Vitamins in wheatgrass include A, C, E and several B vitamins. The most prevalent vitamin in wheatgrass is pantothenic acid, or B-5. A 100-gram serving of wheatgrass contains 6 milligrams, a full milligram over the suggested 5-milligram daily intake. Pantothenic acid has many roles in the body, including breaking down and converting fats and carbohydrates into energy, maintaining digestive health, and assisting in the production of red blood cells and hormones.

Wheatgrass Minerals

Iron, zinc, magnesium, potassium, phosphorus, calcium, sodium and selenium are all present in wheatgrass in at least trace amounts. A serving has 24 milligrams of magnesium, about 8 percent of the recommended dietary allowance for women. Magnesium helps oxygenate blood and keep energy levels high. One serving also has 147 milligrams -- about 3 percent of the RDA -- of potassium, which helps maintain the body's water and electrolyte levels while also protecting heart health.
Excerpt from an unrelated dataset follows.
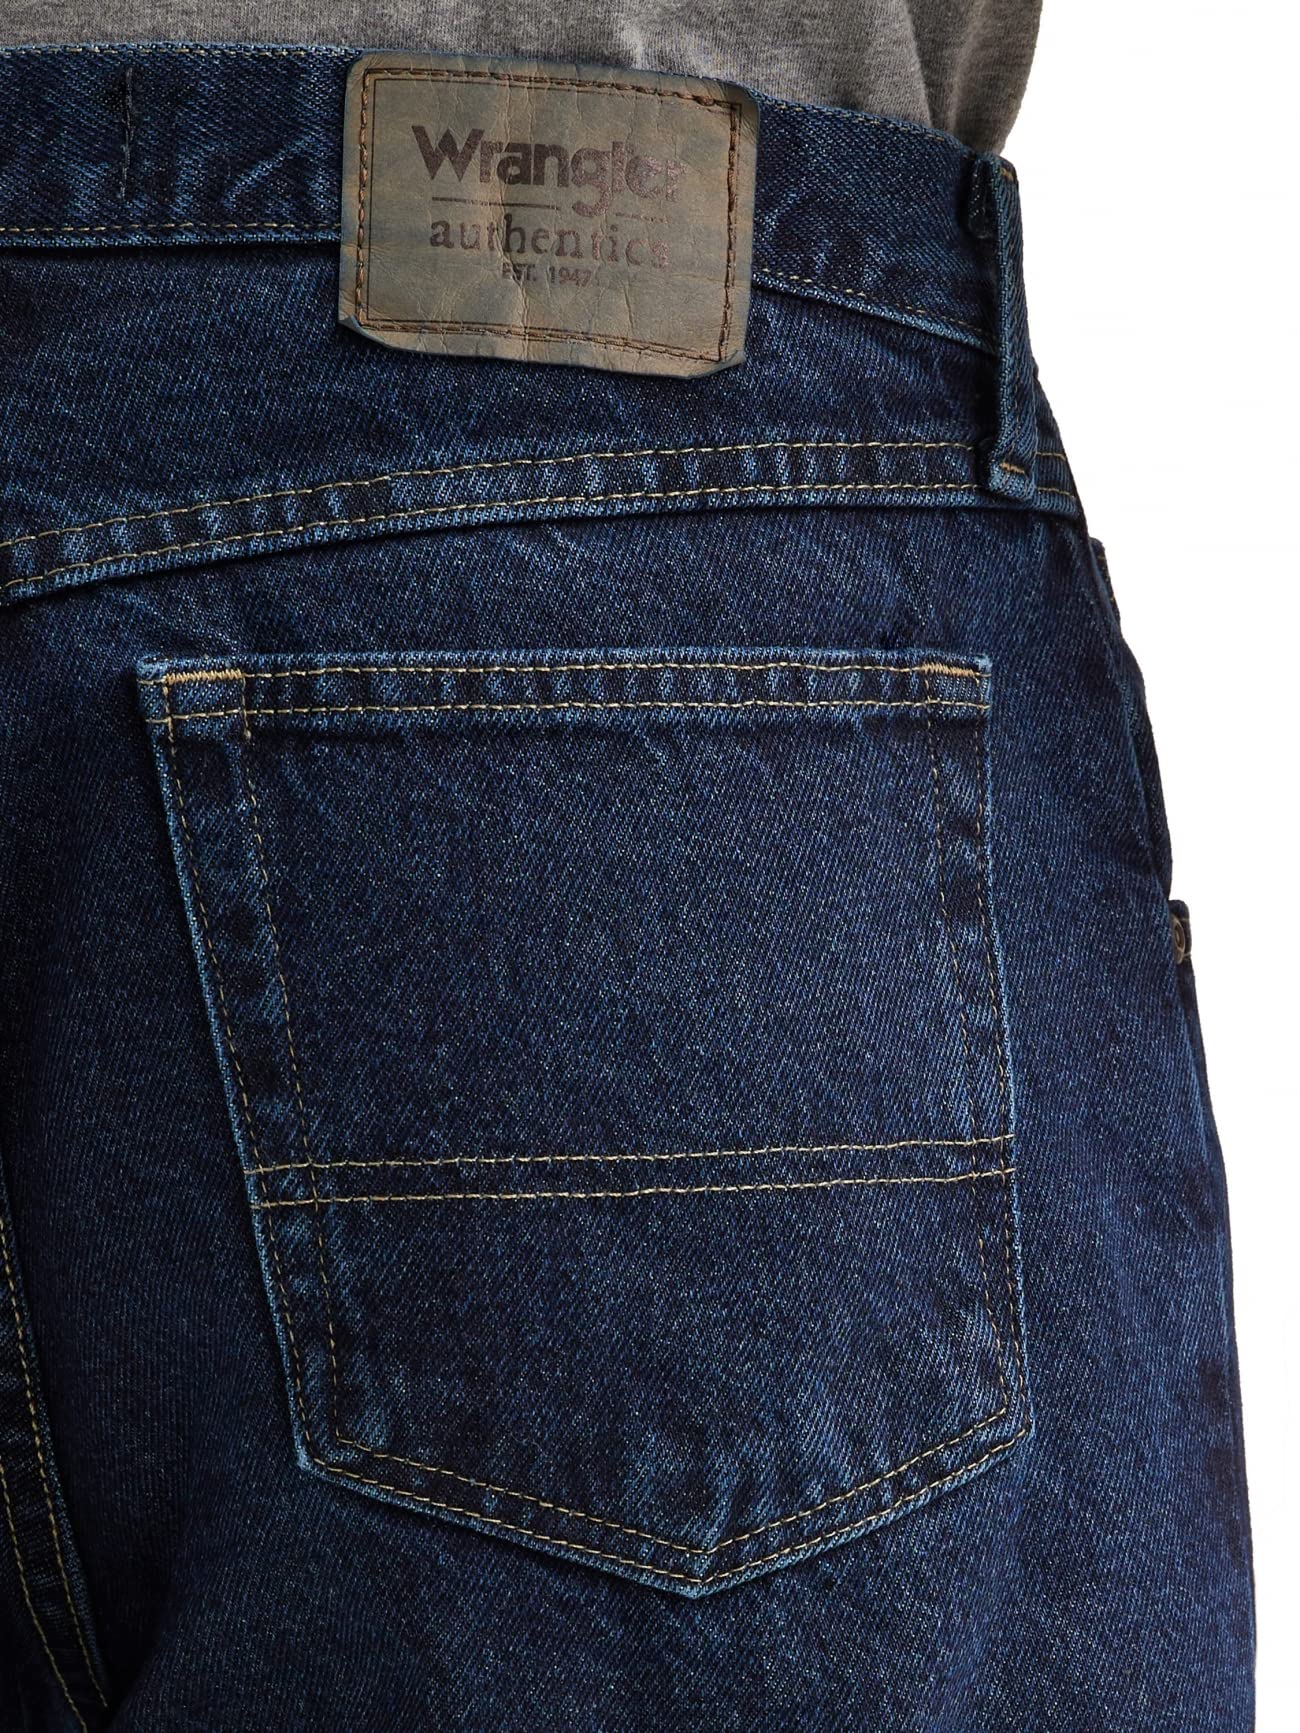 Wrangler Authentics Men's Classic 5-Pocket Relaxed Fit Cotton Jean, Dark Rinse, 40W X 36L

Possible Help for Digestive Issues

Researchers from the Israel Institute of Technology studied wheatgrass's potential to help with ulcerative colitis, a condition that causes chronic inflammation of the large intestine. Participants in the study consumed either a placebo or just over 3 ounces of wheatgrass juice daily for a month. Results showed participants who consumed wheatgrass experienced reduced symptoms. The results of this study were published in the April 2002 issue of the "Scandinavian Journal of Gastroenterology."